Contents of the 'Scheduled Tasks' folder
C:\WINDOWS\tasks\Symantec NetDetect.job

Completion time: 06-11-11 22:49:31.60
C:\ComboFix2.txt ... 06-11-04 16:49
C:\ComboFix.txt ... 06-11-11 22:49

teacup61
2006-11-14, 03:22
Hello,


Usually when command service shows repeatedly it is because of the method ad-aware
uses to remove it. It leave's a harmless registry key with modified permissions.

Please download and unzip Ren-cmdservice to your desktop.
http://downloads.subratam.org/Lon/ren-cmdservice.zip
Open the ren-cmdservice folder by doubleclicking it and then doubleclick the
ren-cmdservice.bat file to run the program.

A text will open when it is finished, Post it please.
Then restart the PC run SpyBot check for and fix any problems found.
When next you check for problems it wont or shouldnt be there.

alternate download
http://www.bleepingcomputer.com/file...cmdservice.zip

Thanks,
tea

high tech
2006-11-16, 06:47
Hello Tea,

I down loaded and ran Ren-cmdservice. It successfully deleted the command service registry keys! I rebooted and ran spybot, it came up clean! Thank you very much for your help!! I'm telling all my associates about the great service you provided. My computer has never ran so well. Awesome job!!

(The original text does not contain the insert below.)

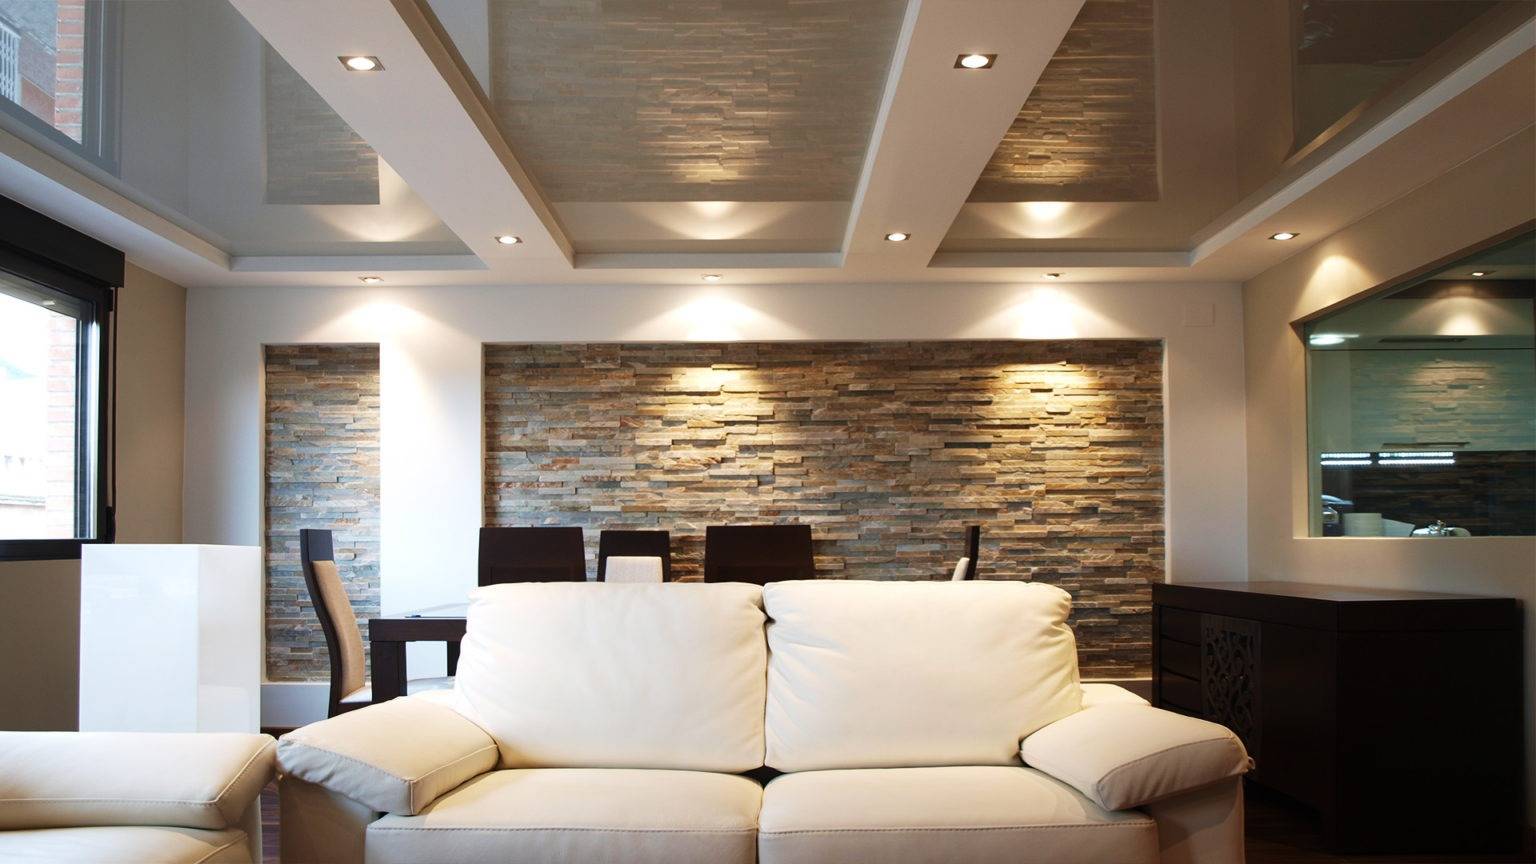 Какой потолок лучше: гипсокартонный или натяжной?

Running from C:\Documents and Settings\Desktop\ren-cmdservice
No Image Path Listed in Registry

-----------------
Deleting cmdservice key
cmdservice key deleted
..
-----------------
Commandline utilities (SWReg and SWSC)
Written by Bobbi Flekman © 2005
-----------------
Finised, Post this text then
Please Restart your PC
ren-cmdservice.bat edited 6-25-2006
-----------------

teacup61
2006-11-16, 07:55
Hello,

Glad it worked! :D: Thanks to LonnyRJones for pointing us in that direction.;)

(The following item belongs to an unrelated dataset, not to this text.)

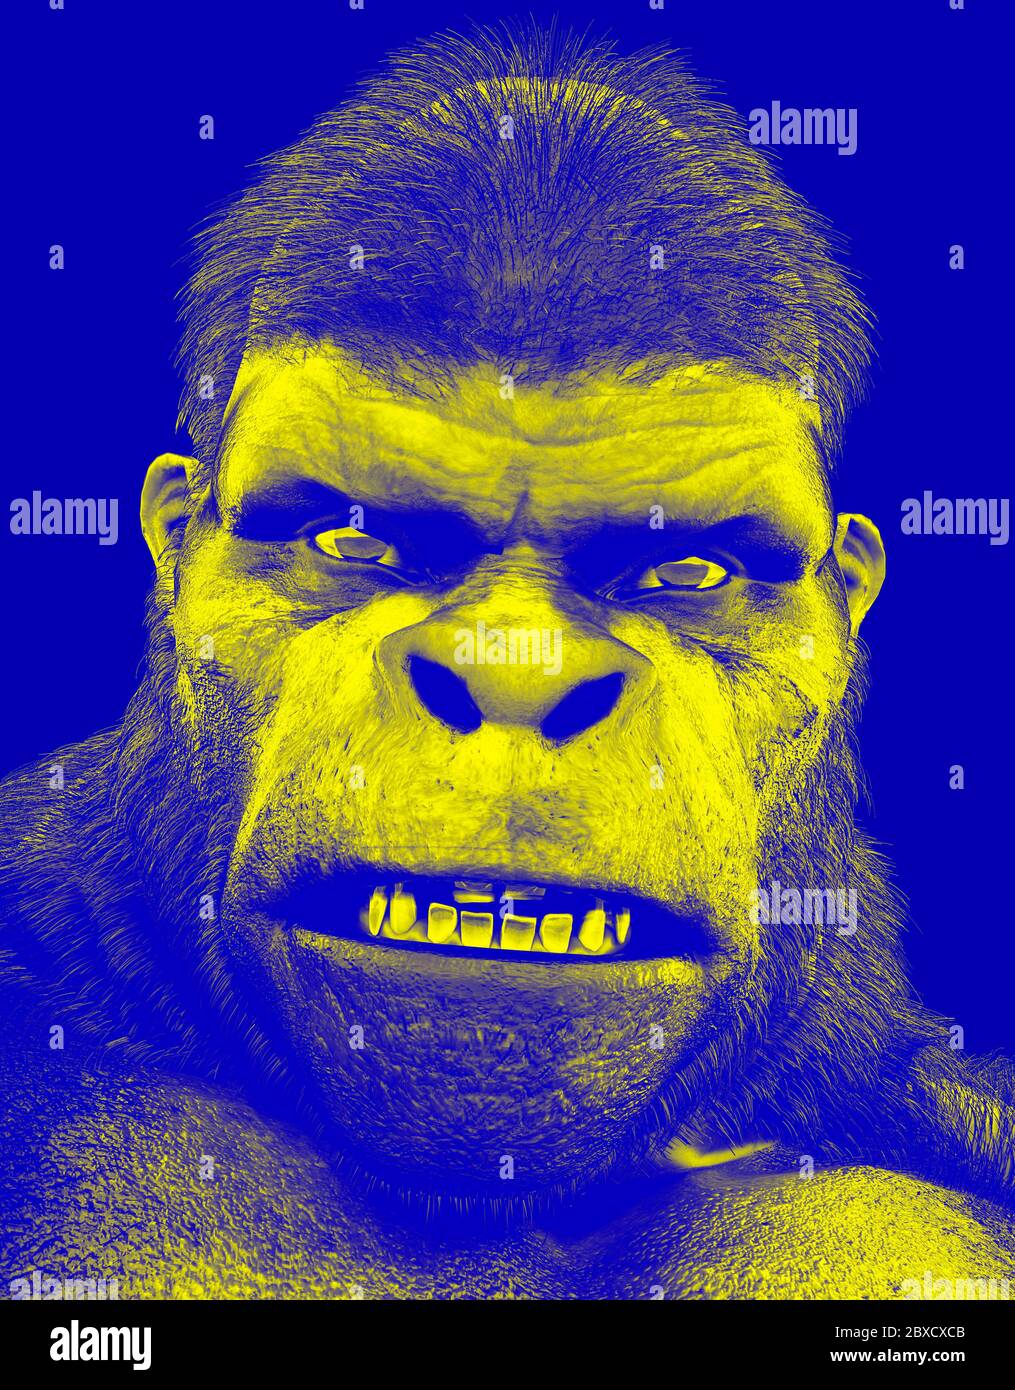 duotone angry gorilla jaune et bleu mettra un peu de plaisir à vos créations, illustration 3d Banque D'Images

Pass this along to your associated as well, when you tattle on us :laugh: : http://mvps.org/winhelp2002/unwanted.htm

Take care!
tea

LonnyRJones
2006-11-26, 00:46
Im Glad we could help
Since the problems are solved Im going to close the topic now, this keeps others with similar problems from posting there logs/question here, they should start a new topic.

If you should need to post another log for the same PC let one of us know via a PM (personal message).